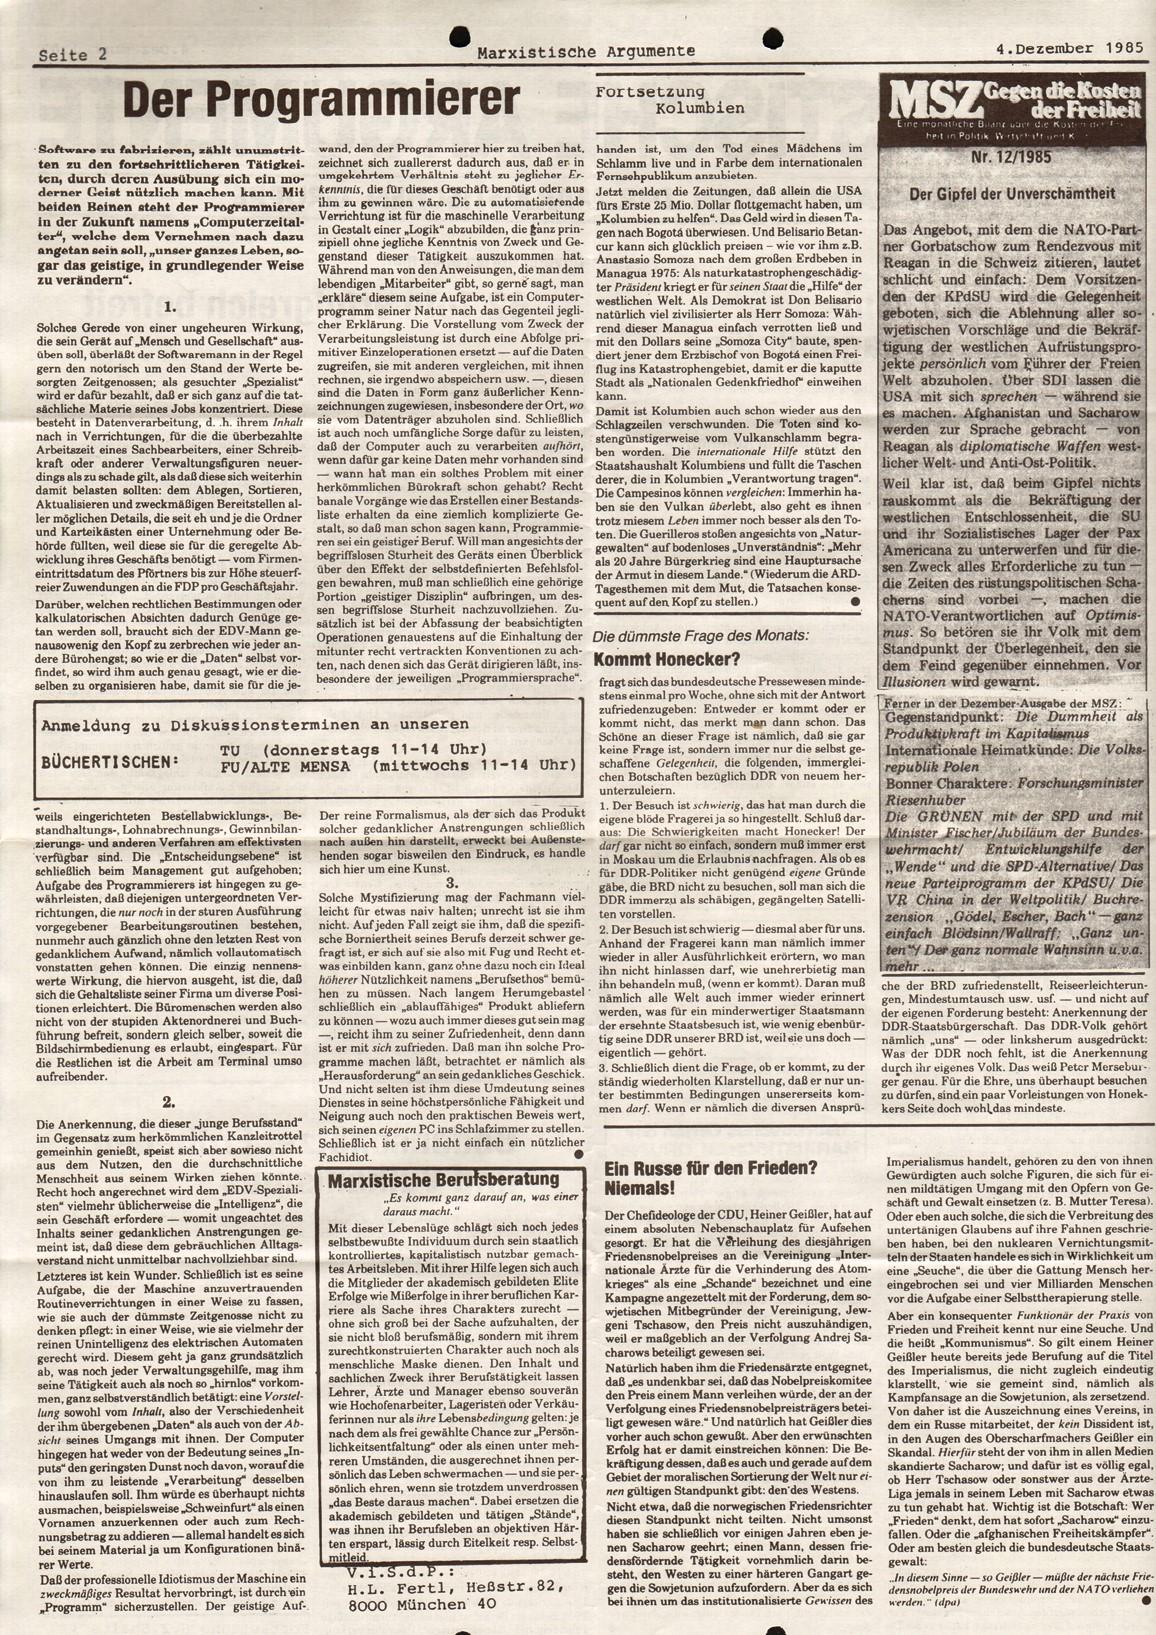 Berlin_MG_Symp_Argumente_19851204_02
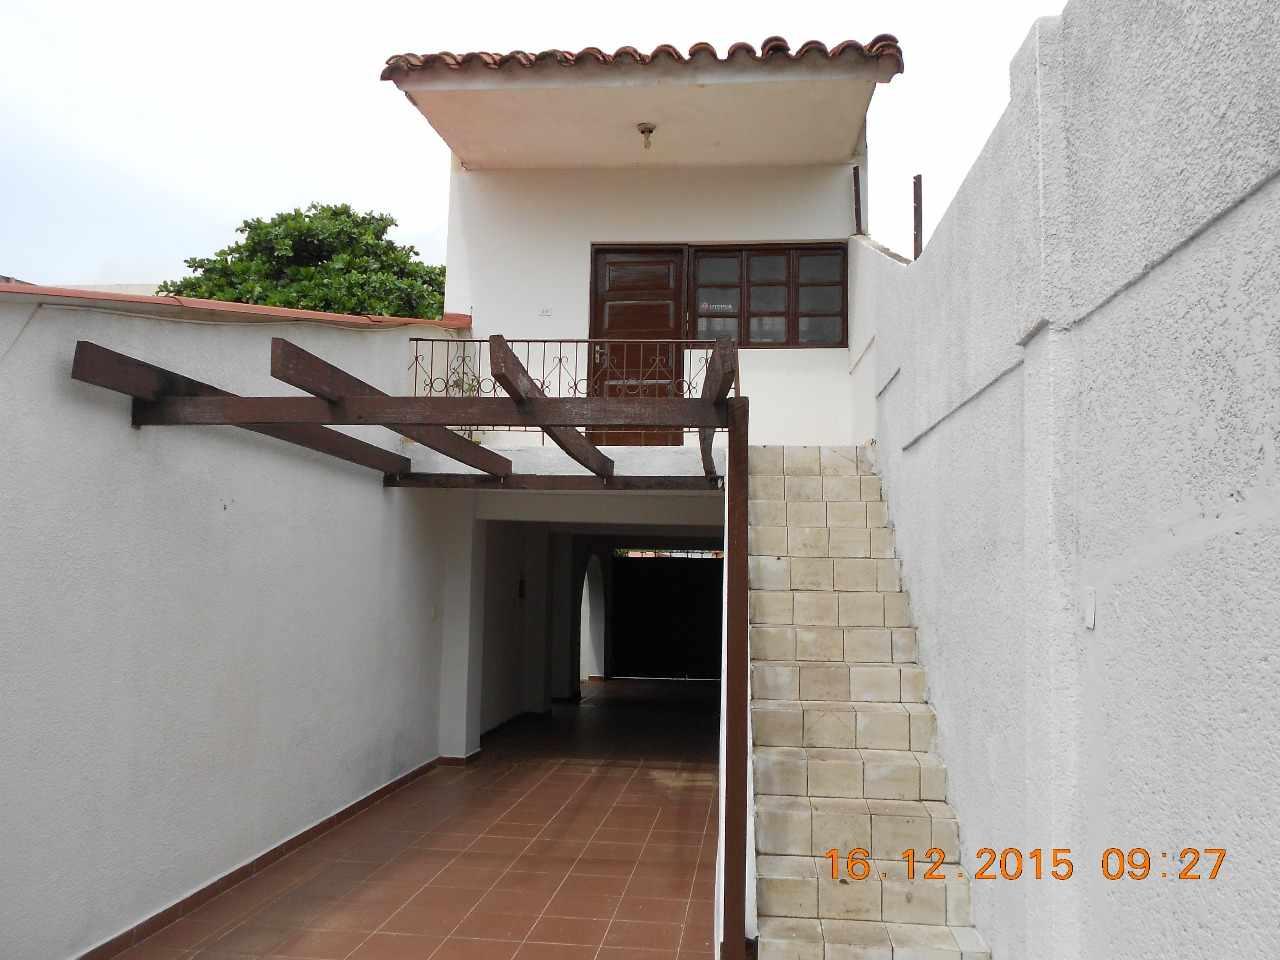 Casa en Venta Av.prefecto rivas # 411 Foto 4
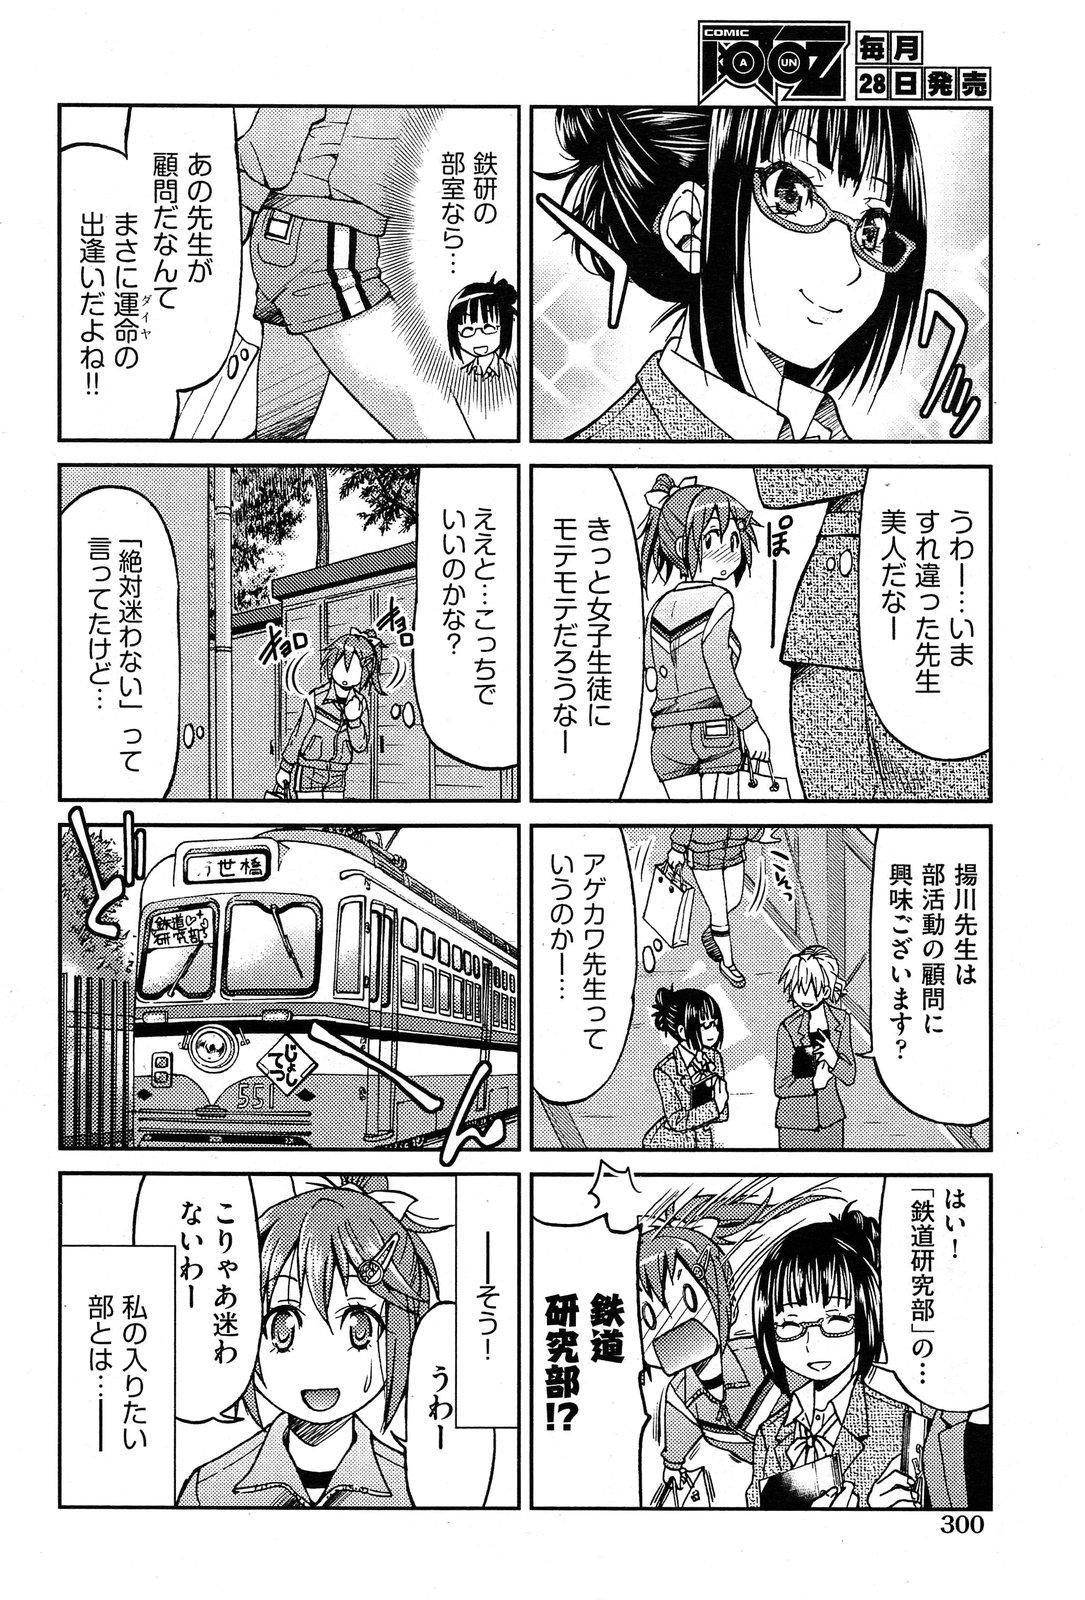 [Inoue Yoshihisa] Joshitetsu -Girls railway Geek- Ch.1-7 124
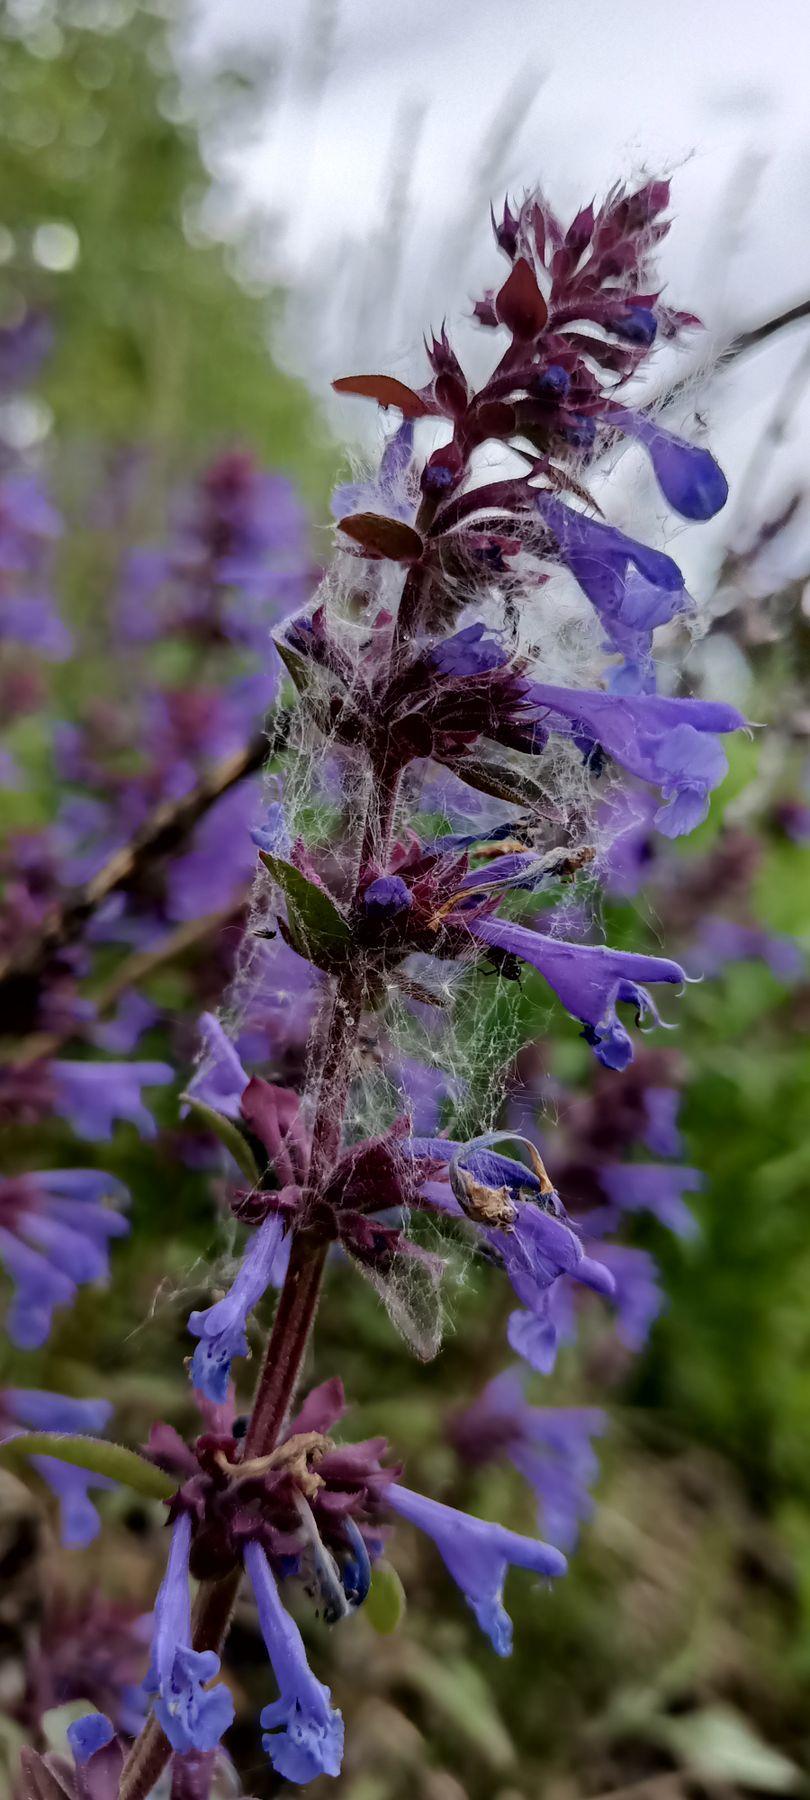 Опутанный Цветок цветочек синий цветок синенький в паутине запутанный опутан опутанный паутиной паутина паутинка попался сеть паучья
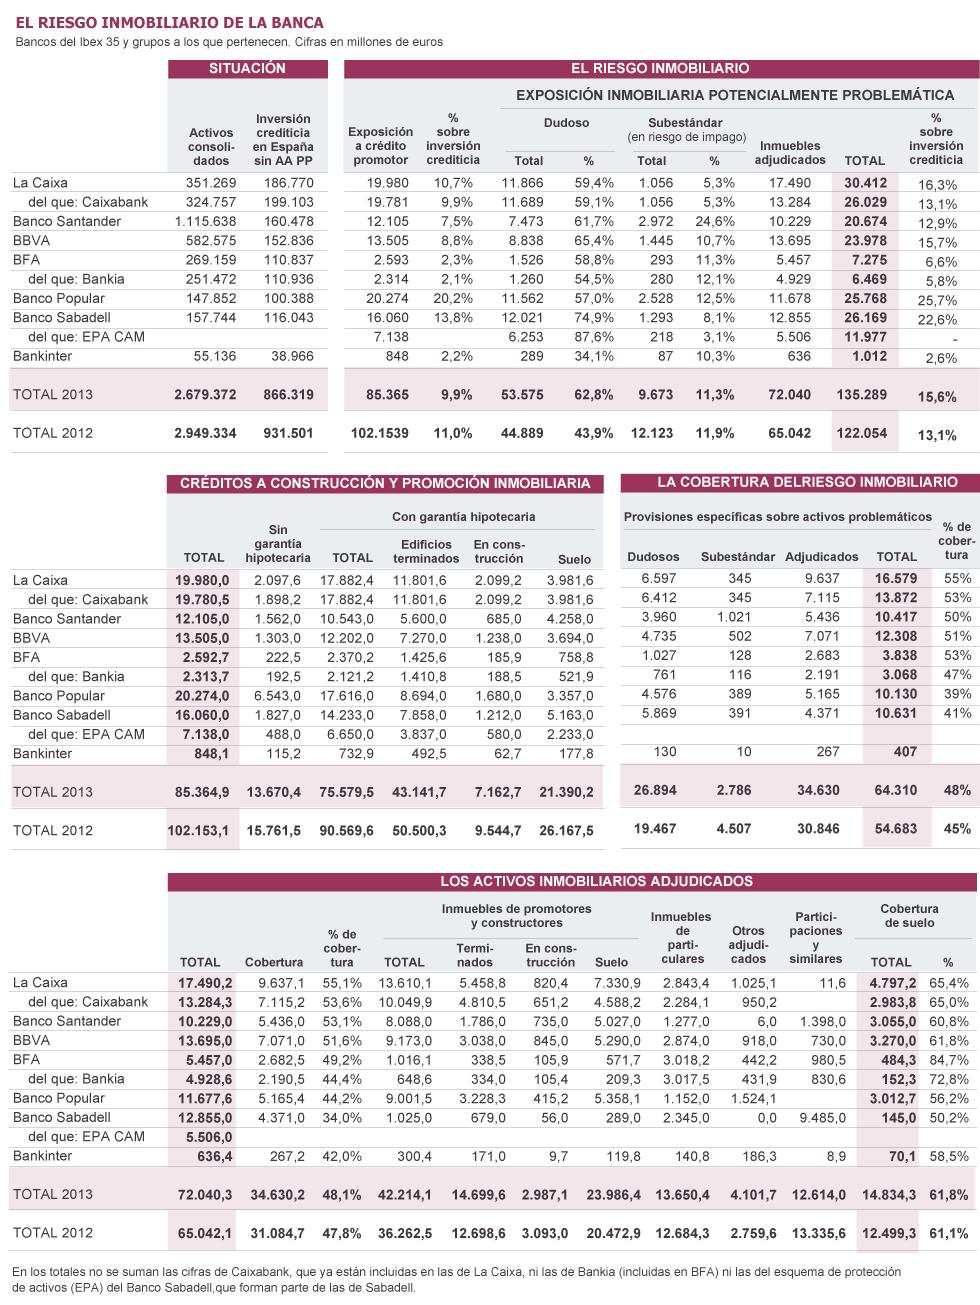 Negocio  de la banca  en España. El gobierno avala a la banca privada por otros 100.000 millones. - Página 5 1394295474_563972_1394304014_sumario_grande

|---|

» About this task
Set down the data exactly as it appears, without any images.

» Worked solution
 Berlin_MG_Symp_Argumente_19851204_02
 Casa en Venta Av.prefecto rivas # 411 Foto 4
 [Inoue Yoshihisa] Joshitetsu -Girls railway Geek- Ch.1-7 124
 Опутанный Цветок цветочек синий цветок синенький в паутине запутанный опутан опутанный паутиной паутина паутинка попался сеть паучья
 Negocio  de la banca  en España. El gobierno avala a la banca privada por otros 100.000 millones. - Página 5 1394295474_563972_1394304014_sumario_grande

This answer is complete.